CPU: 10 UID: 0 PID: 131414 Comm: kworker/u96:47 Tainted: G           OE       6.19.4-knfsd #1 VOLUNTARY
Hardware name: Amazon EC2 i3en.6xlarge/, BIOS 1.0 10/16/2017
Workqueue: nfsiod rpc_async_release [sunrpc]
RIP: 0010:nfs_free_request+0x175/0x1e0 [nfs]
Code: 48 8b 43 38 84 c0 0f 89 ce fe ff ff 0f 0b 48 8b 43 38 f6 c4 01 0f 84 cc fe ff ff 0f 0b 48 8b 43 38 f6 c4 02 0f 84 ca fe ff ff <0f> 0b 48 8b 43 38 f6 c4 04 0f 84 c8 fe ff ff 0f 0b 48 8b 43 38 f6
RSP: 0018:ffffd1de8a523d18 EFLAGS: 00010202
RAX: 0000000000000204 RBX: ffff8aa811146180 RCX: 0000000000000000
RDX: 0000000000000000 RSI: 0000000000000000 RDI: ffff8aa811146180
RBP: ffffd1de8a523d28 R08: 0000000000000000 R09: 0000000000000000
R10: 0000000000000000 R11: 0000000000000000 R12: ffff8aa811146180
R13: ffff8aa811146180 R14: 0000000000000001 R15: ffff8ac45ab8a298
FS:  0000000000000000(0000) GS:ffff8ad5a4b3c000(0000) knlGS:0000000000000000
CS:  0010 DS: 0000 ES: 0000 CR0: 0000000080050033
CR2: 00007339078ee200 CR3: 000000015b244005 CR4: 00000000007706f0
PKRU: 55555554
Call Trace:
 <TASK>
 nfs_page_group_destroy+0x65/0xc0 [nfs]
 nfs_page_group_destroy+0x9f/0xc0 [nfs]
 nfs_release_request+0x36/0x60 [nfs]
 nfs_readpage_release.isra.0+0x37/0x80 [nfs]
 nfs_read_completion+0x80/0x170 [nfs]
 nfs_pgio_release+0x16/0x20 [nfs]
 rpc_free_task+0x3f/0x80 [sunrpc]
 rpc_async_release+0x33/0x50 [sunrpc]
 process_one_work+0x182/0x350
 worker_thread+0x19a/0x320
 ? __pfx_worker_thread+0x10/0x10
 kthread+0xf9/0x210
 ? __pfx_kthread+0x10/0x10
 ret_from_fork+0x25c/0x290
 ? __pfx_kthread+0x10/0x10
 ret_from_fork_asm+0x1a/0x30
 </TASK>
---[ end trace 0000000000000000 ]---

Questions:

1. Is this a known issue in the NFS page-group synchronisation code
   when FS-Cache/cachefiles is active?

2. Could the netfs/cachefiles write-back path (writing read data to
   the cache) inadvertently set `PG_WB_END` on `nfs_page` structures
   during a read operation?

3. Is this specific to the re-export (nfsd + NFS client on same host)
   configuration, or could it affect any NFS client with FS-Cache
   enabled?

Any guidance or patches to address this would be greatly appreciated.

Thank you for reading.
-Mike

[-- Attachment #2: nfs-free-request-warning-report.md --]
[-- Type: text/markdown, Size: 10408 bytes --]

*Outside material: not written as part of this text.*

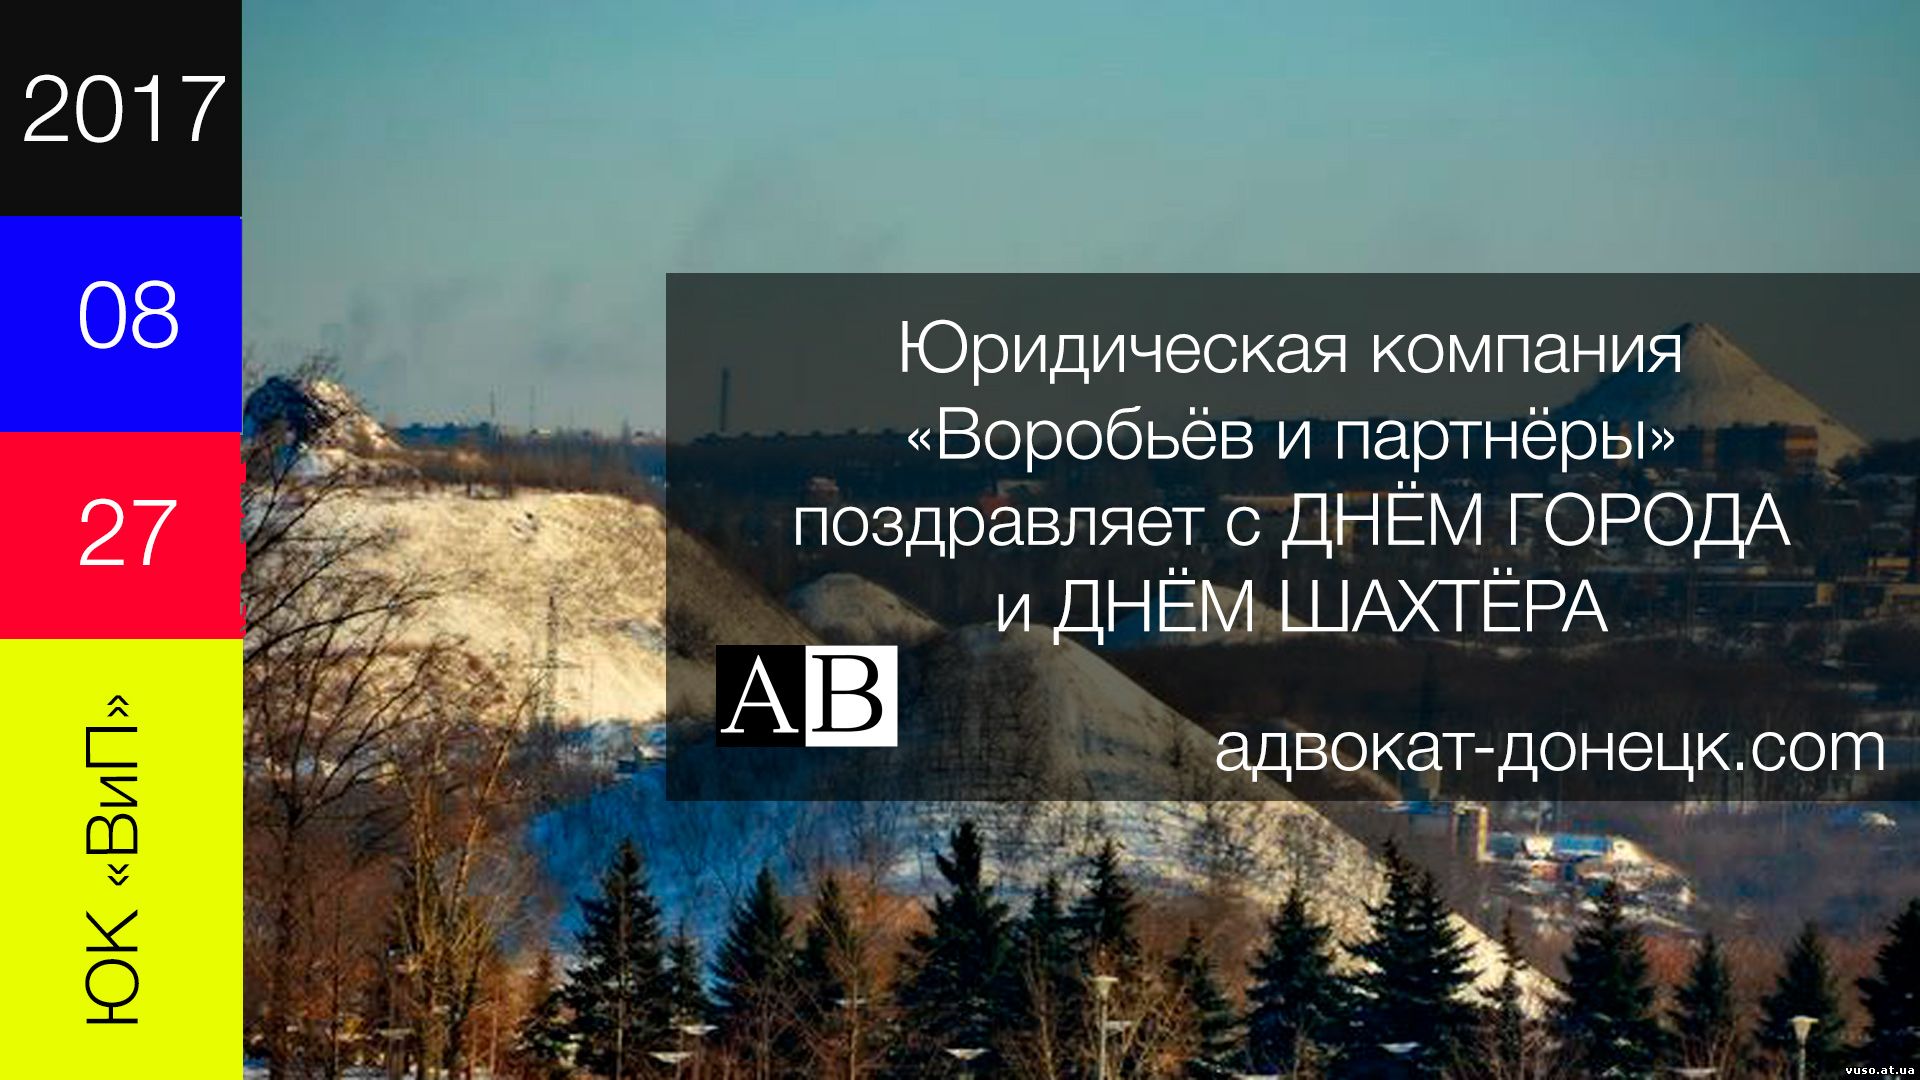 Воробьев и партнеры поздравляет с Днем города Донецка и днем шахтера

# WARNING in nfs_free_request: PG_WB_END stale in NFS read completion path

## Summary

I am running a fleet of KNFSD NFS re-export proxy instances with kernel 6.19.4 (vanilla
stable, compiled from source with no custom patches). Under production
NFS read load, 13 of 16 instances hit a `WARN_ON_ONCE` in
`nfs_free_request()` at `fs/nfs/pagelist.c:587`. The WARNING fires in
the NFS read completion path and indicates that the `PG_WB_END`
page-group synchronisation flag is unexpectedly still set when an
`nfs_page` request is being freed.

The WARNING does not cause a crash or data corruption, but it
reproduces consistently across the majority of instances under load.

## Environment

- **Kernel**: 6.19.4 (vanilla stable from kernel.org, no custom patches)
- **Hardware**: Amazon EC2 i3en.6xlarge (Intel Xeon 8259CL, 24 vCPUs, 192GB RAM, 2× 7.5TB NVMe instance store)
- **Architecture**: NFS re-export proxy (see diagram below)
- **FS-Cache**: Enabled via `cachefiles` on XFS-formatted RAID0 of local NVMe (mounted at `/var/cache/fscache`)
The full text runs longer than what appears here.